• Recorded data:
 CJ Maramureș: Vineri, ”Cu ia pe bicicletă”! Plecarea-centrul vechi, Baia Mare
---
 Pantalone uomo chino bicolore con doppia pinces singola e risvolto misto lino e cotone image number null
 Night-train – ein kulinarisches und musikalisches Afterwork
---
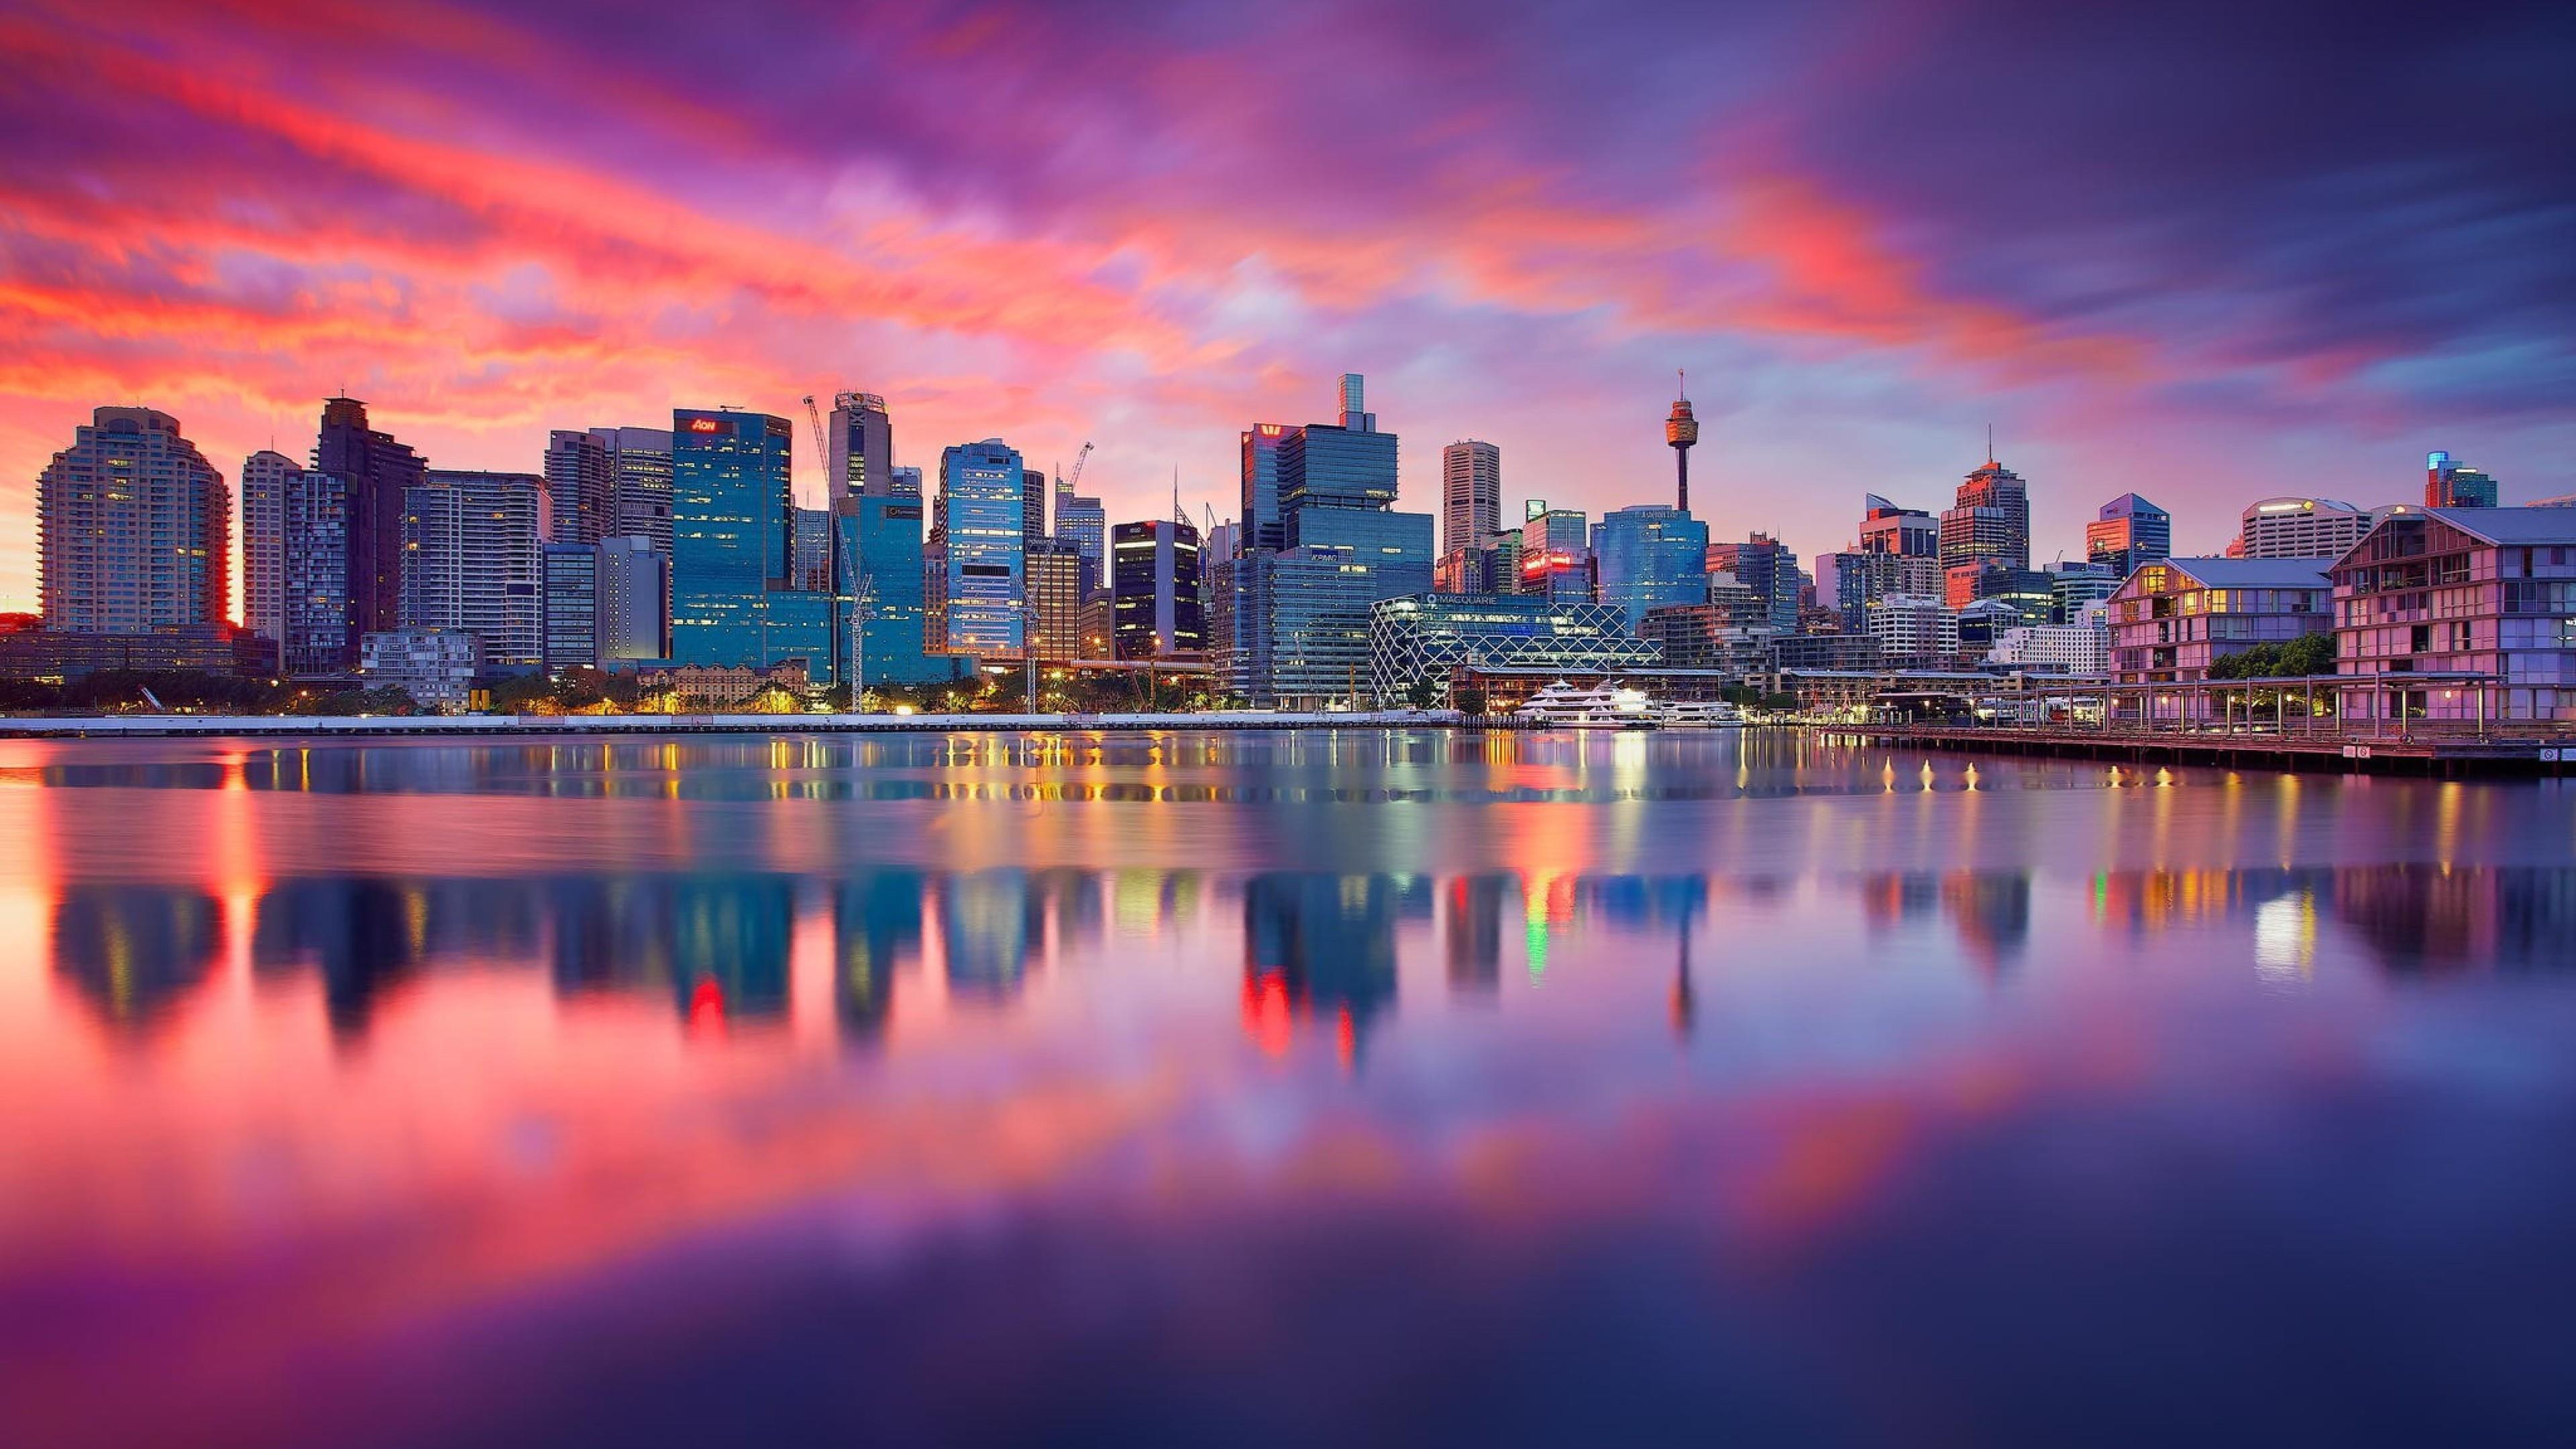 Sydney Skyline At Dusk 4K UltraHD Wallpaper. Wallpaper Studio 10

• Work order:
Look above for the line that contains "Pantalone uomo chino". Starting there, transcribe every line exactly until you have copied the line that contains "Night-train – ein".

• Exercise solution:
 Pantalone uomo chino bicolore con doppia pinces singola e risvolto misto lino e cotone image number null
 Night-train – ein kulinarisches und musikalisches Afterwork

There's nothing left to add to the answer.